Hmm, it seems to me that this has deep implications. When hashing,
one really needs to find the 'minimal representation' of the element.
Suppose I want to hash QQ['x'](1), a constant polynomial. This should
hash to the same thing as QQ(1) and ZZ(1), right? Same with (QQ['x'])
['y'](1), etc. And it gets more convoluted when you have more
interesting extension fields.
And what about quotients -- should Mod(1, 3) hash to the same thing as
ZZ(1)? Should (QQ['x']/x^2+1)(1) hash to the hash of ZZ(1)? Should
(QQ['x']/x^2+1)(x) has to the same thing as CC(I)? (For the record, I
think the last one shouldn't happen, but for no strong reason.)
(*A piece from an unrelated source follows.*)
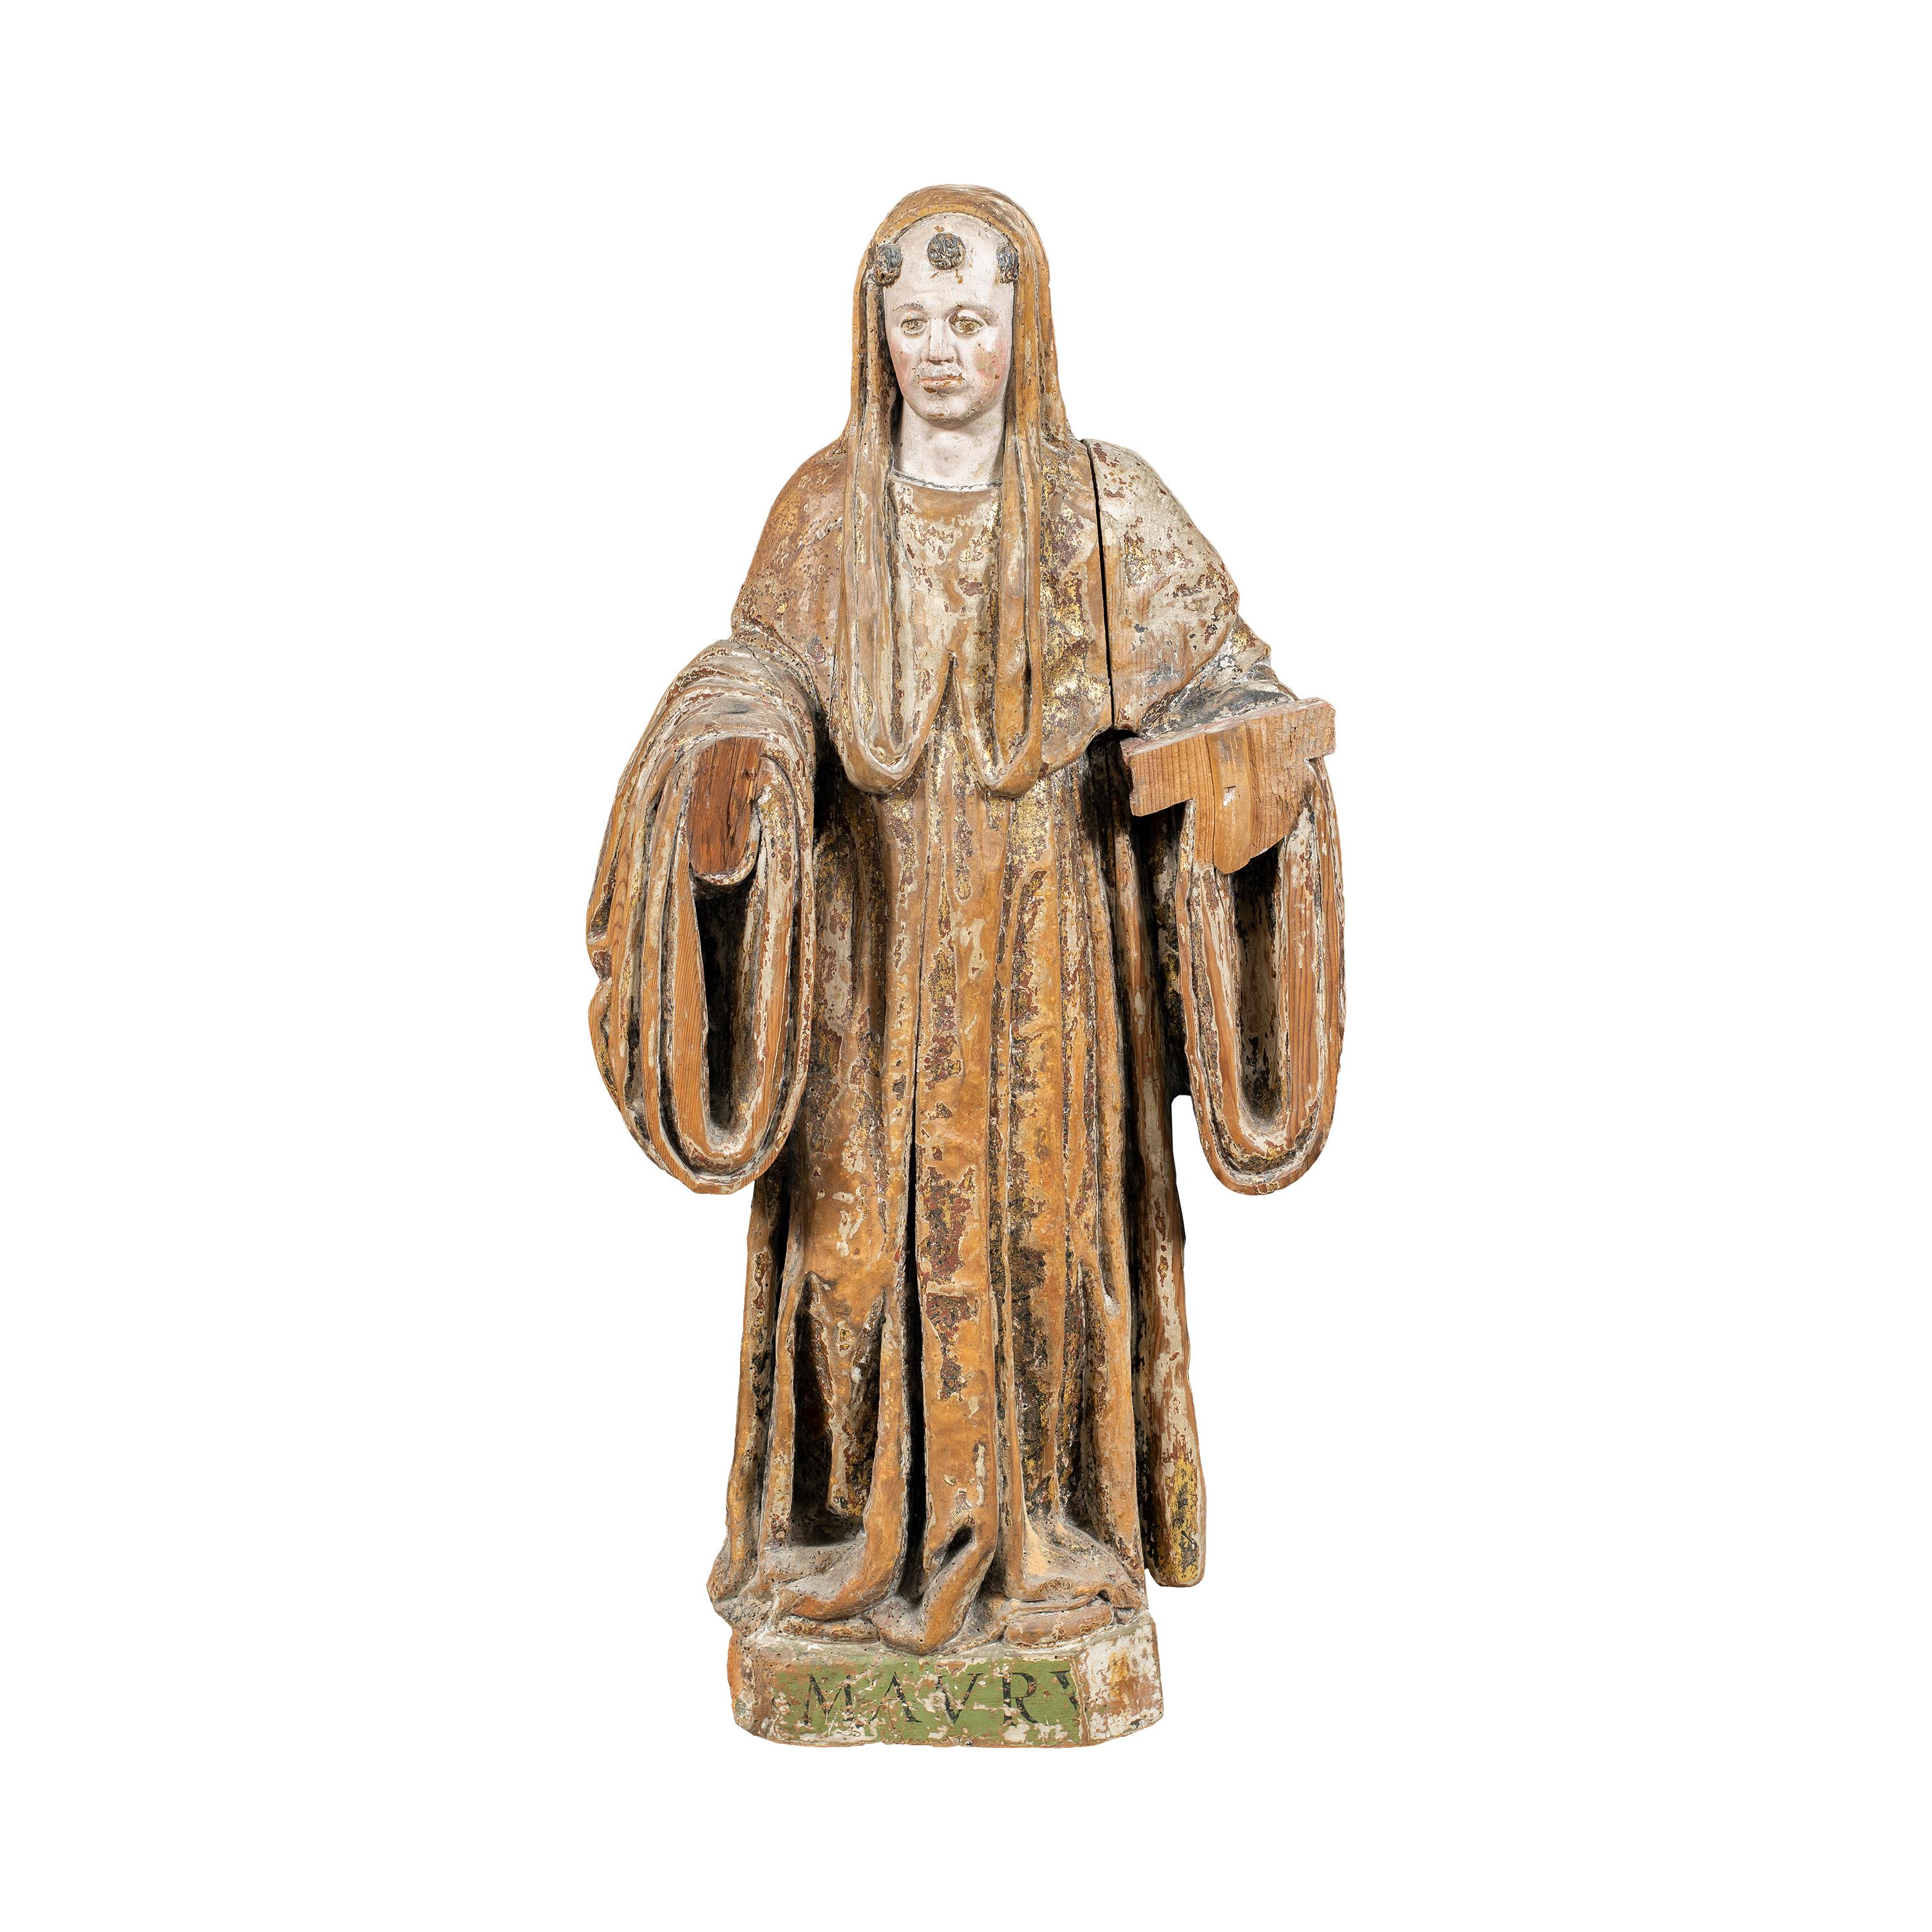 Unknown Figurative Sculpture - 16th century Italian carved wood sculpture - Saint Mauritius - Gilded Painted

In some sense, we've worked out the general case with the canonical
coercion code. But this is not the same case: here, we want CC(1) to
hash to RR(1), whereas there is no canonical coercion C to R. There
are some conventions around __call__, maybe those hold the correct
answer.
Before I think more about this, do people agree that there are
problems with the current situation? I am interested to know what
will happen when hashing various elements of finite fields, extensions
of finite fields, padic extensions, etc. Same with lattices of number
fields over QQ and ZZ, and embeddings into CC.